##### DATA BLOCK

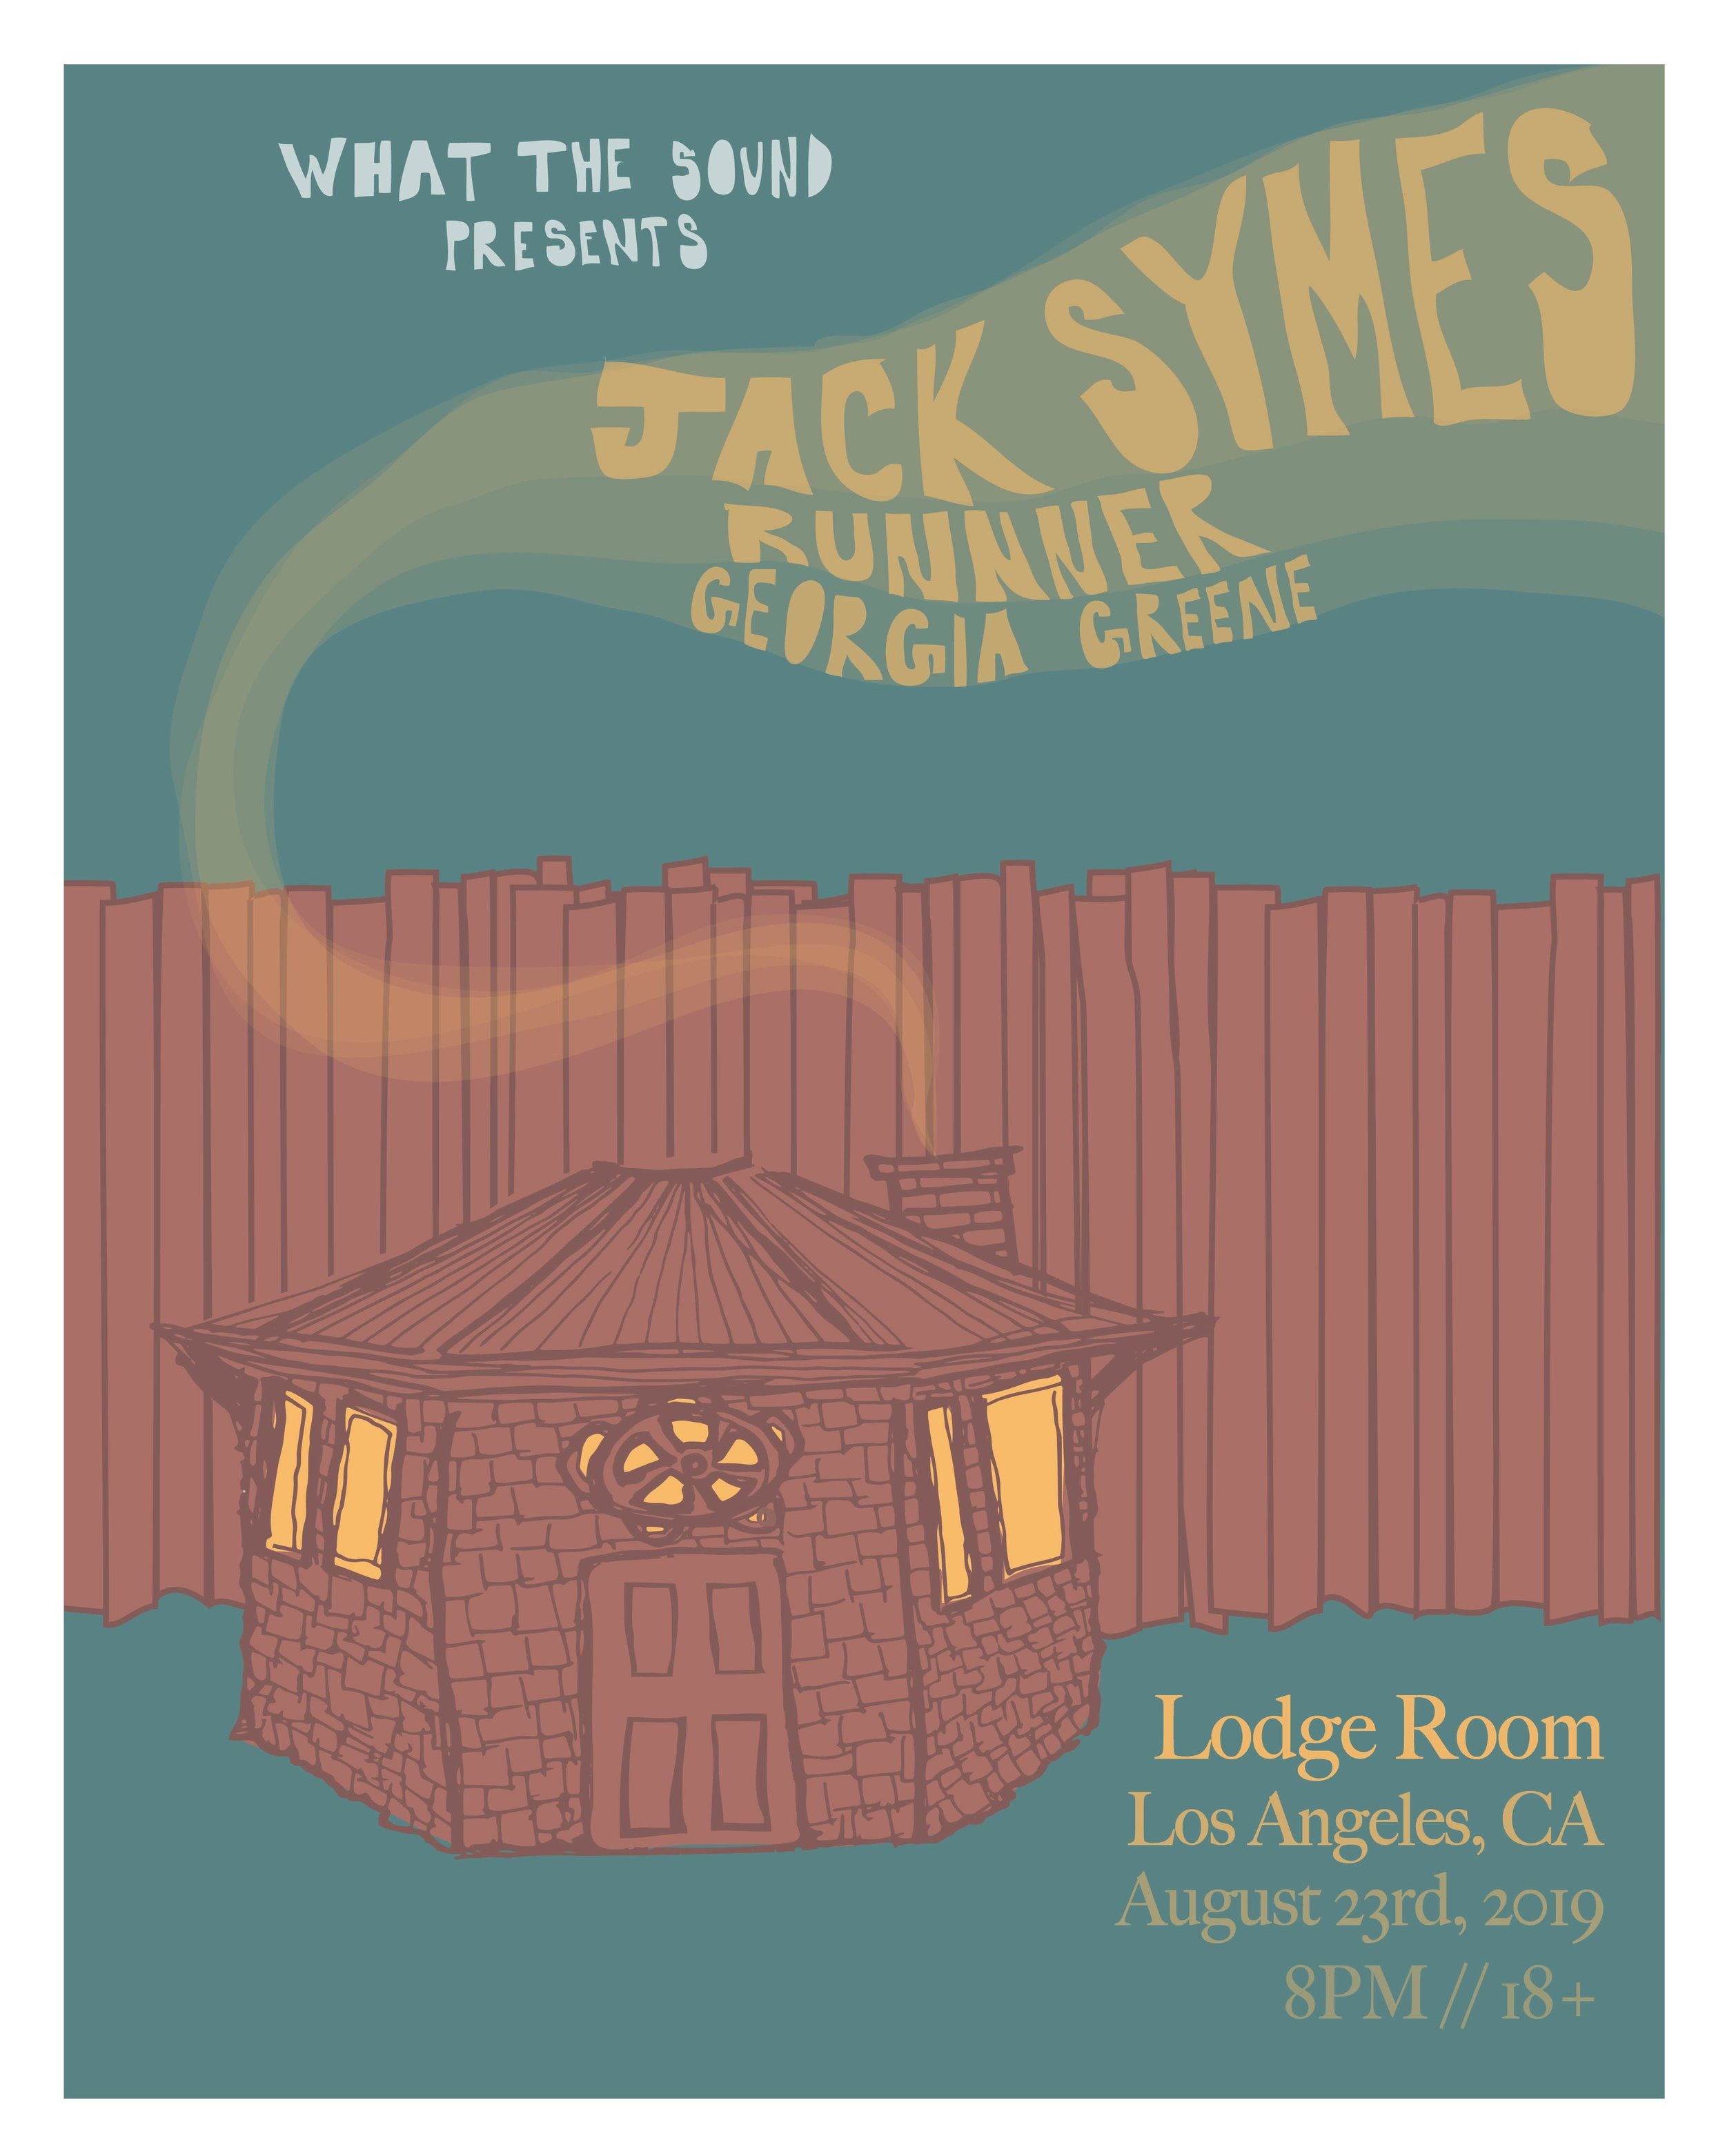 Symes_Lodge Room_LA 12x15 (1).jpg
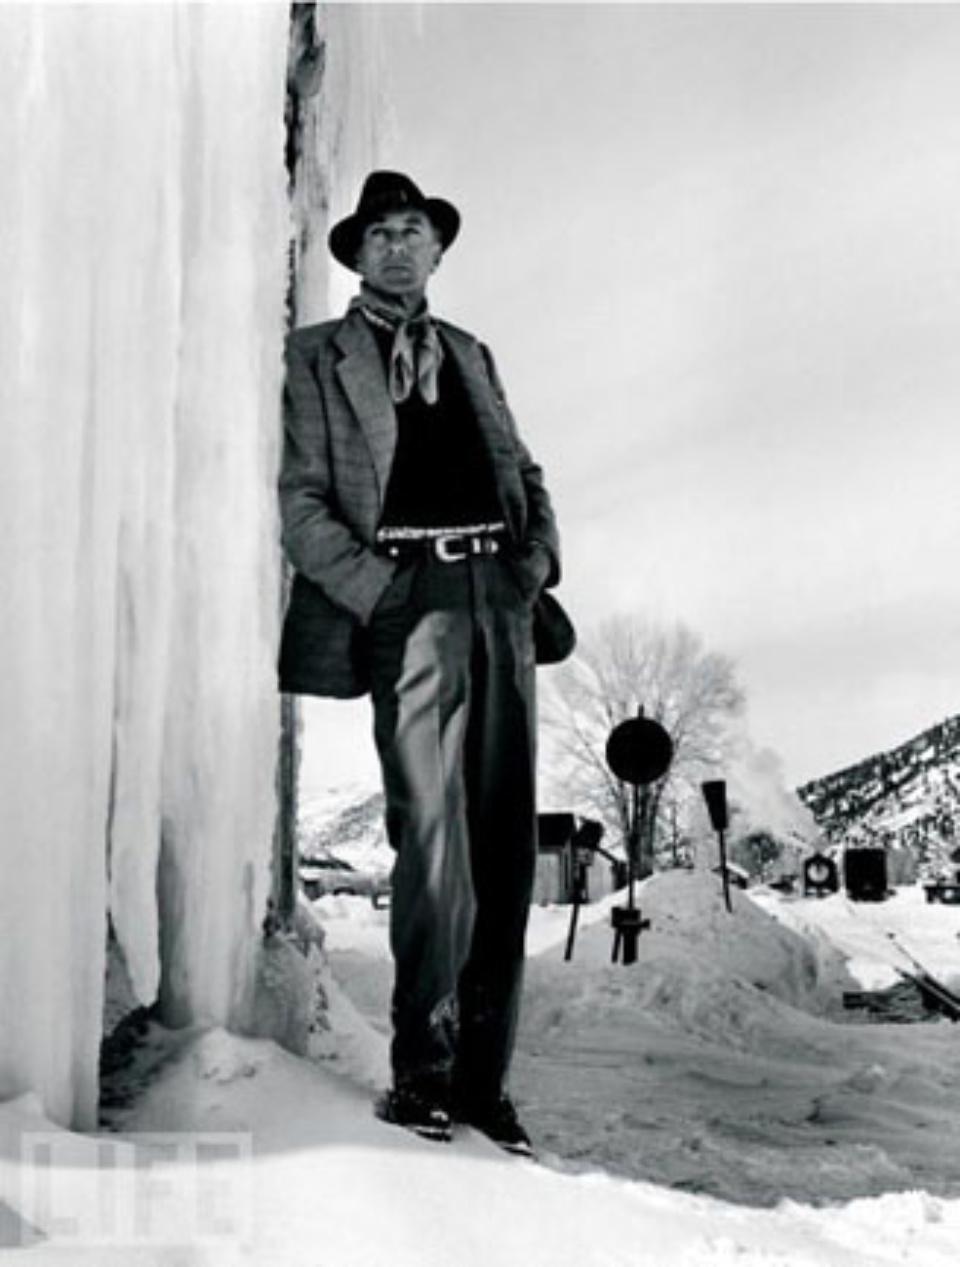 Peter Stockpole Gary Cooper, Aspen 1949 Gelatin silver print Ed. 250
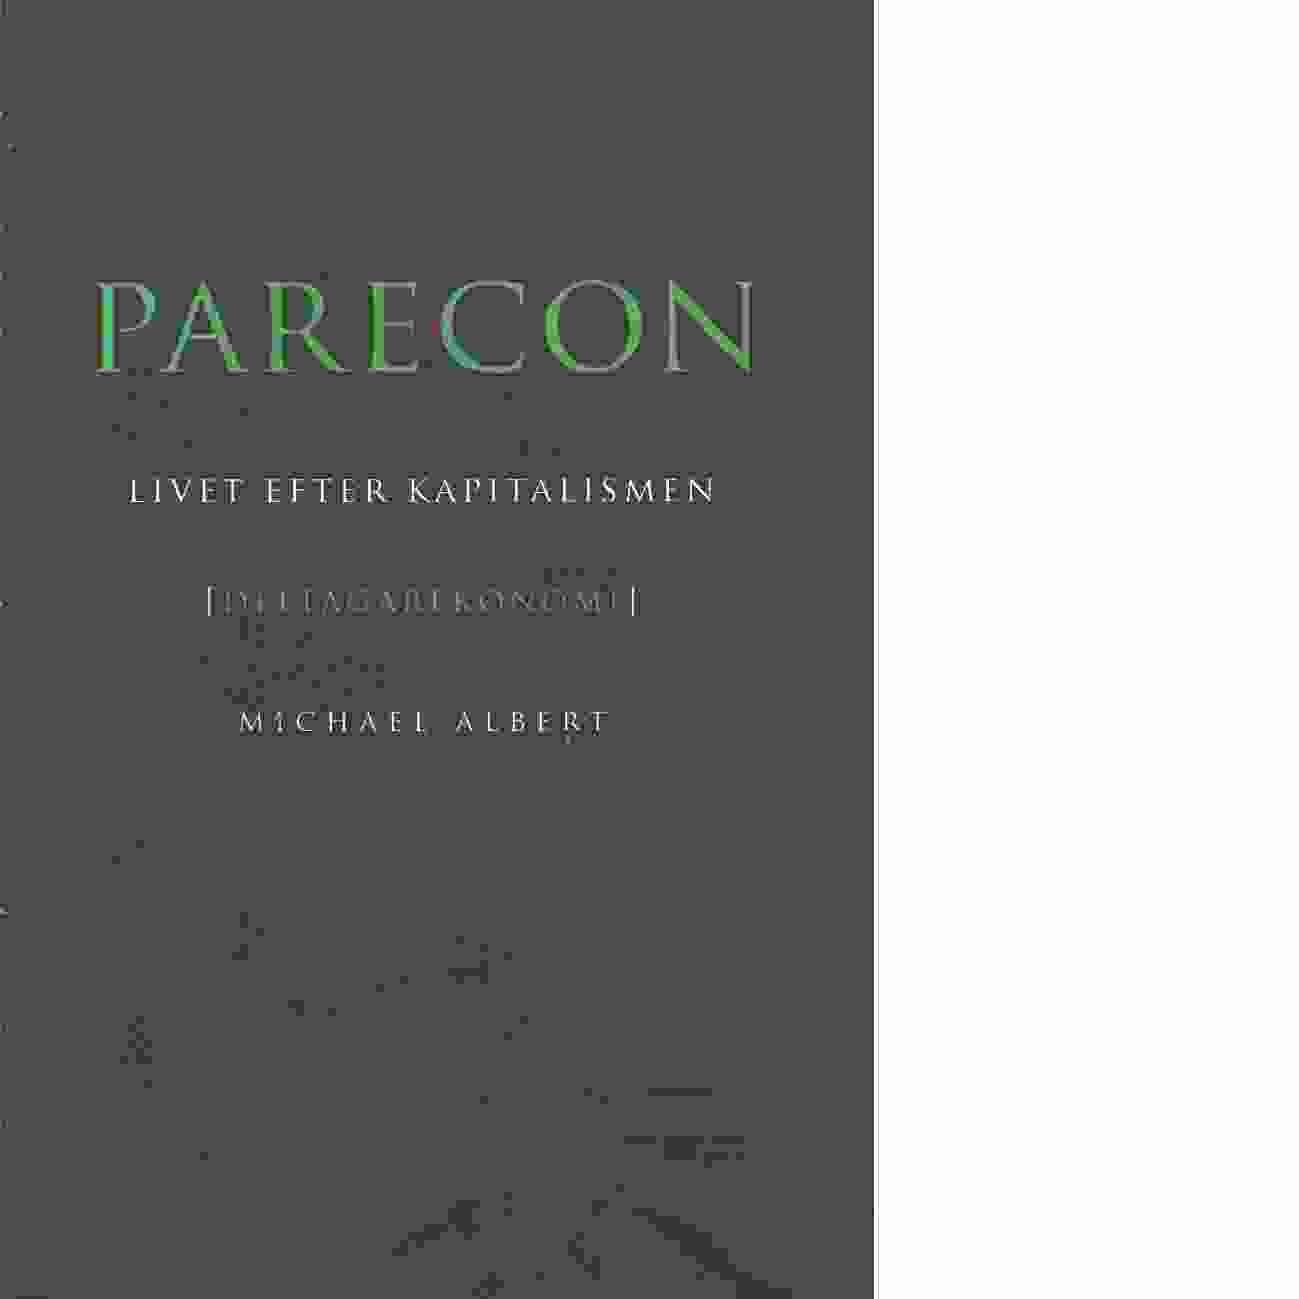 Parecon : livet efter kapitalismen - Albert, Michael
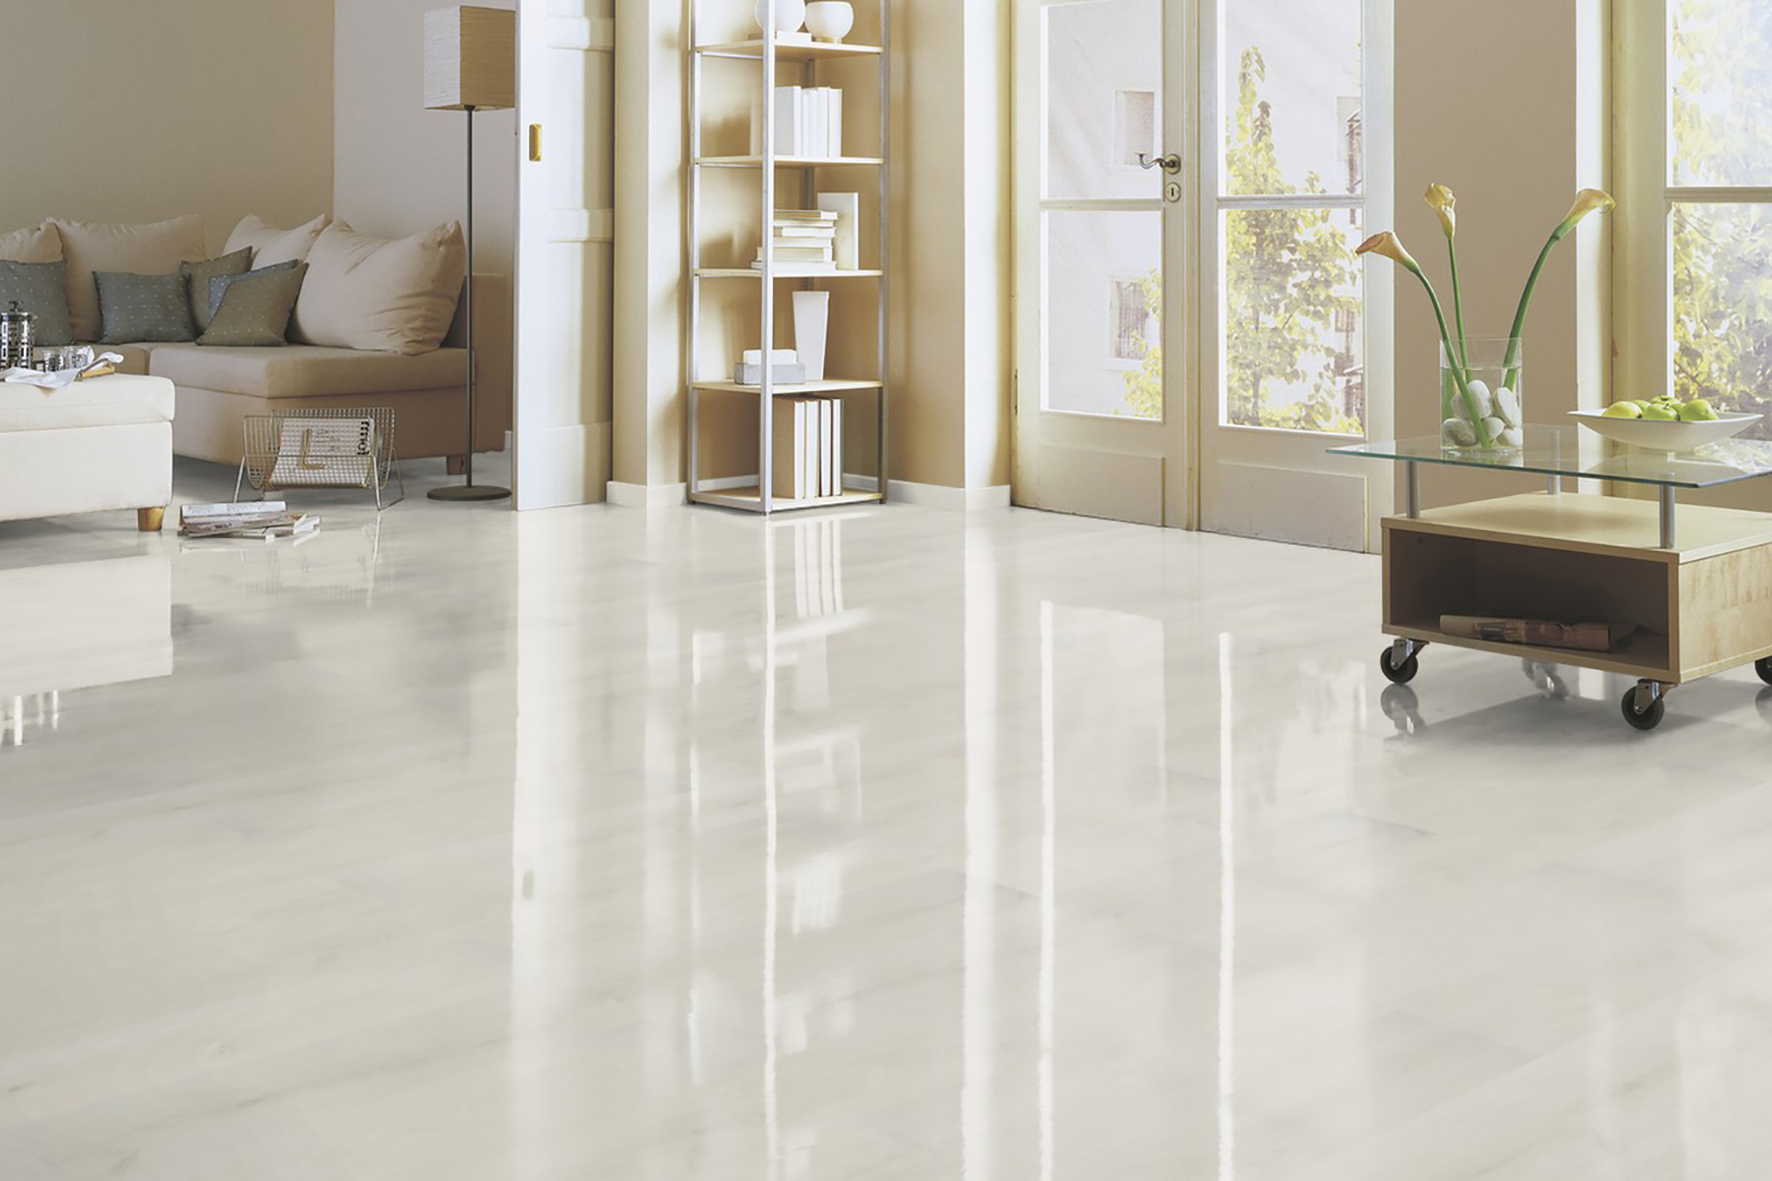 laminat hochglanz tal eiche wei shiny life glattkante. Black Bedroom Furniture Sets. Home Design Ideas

##########

# [HOW TO COMPLETE THIS TASK]
From the line containing "Peter Stockpole Gary" down to the final line of the material, restate every line word for word, and only those; drop the pictures.

# [RESPONSE BOX]
 Peter Stockpole Gary Cooper, Aspen 1949 Gelatin silver print Ed. 250
 Parecon : livet efter kapitalismen - Albert, Michael
 laminat hochglanz tal eiche wei shiny life glattkante. Black Bedroom Furniture Sets. Home Design Ideas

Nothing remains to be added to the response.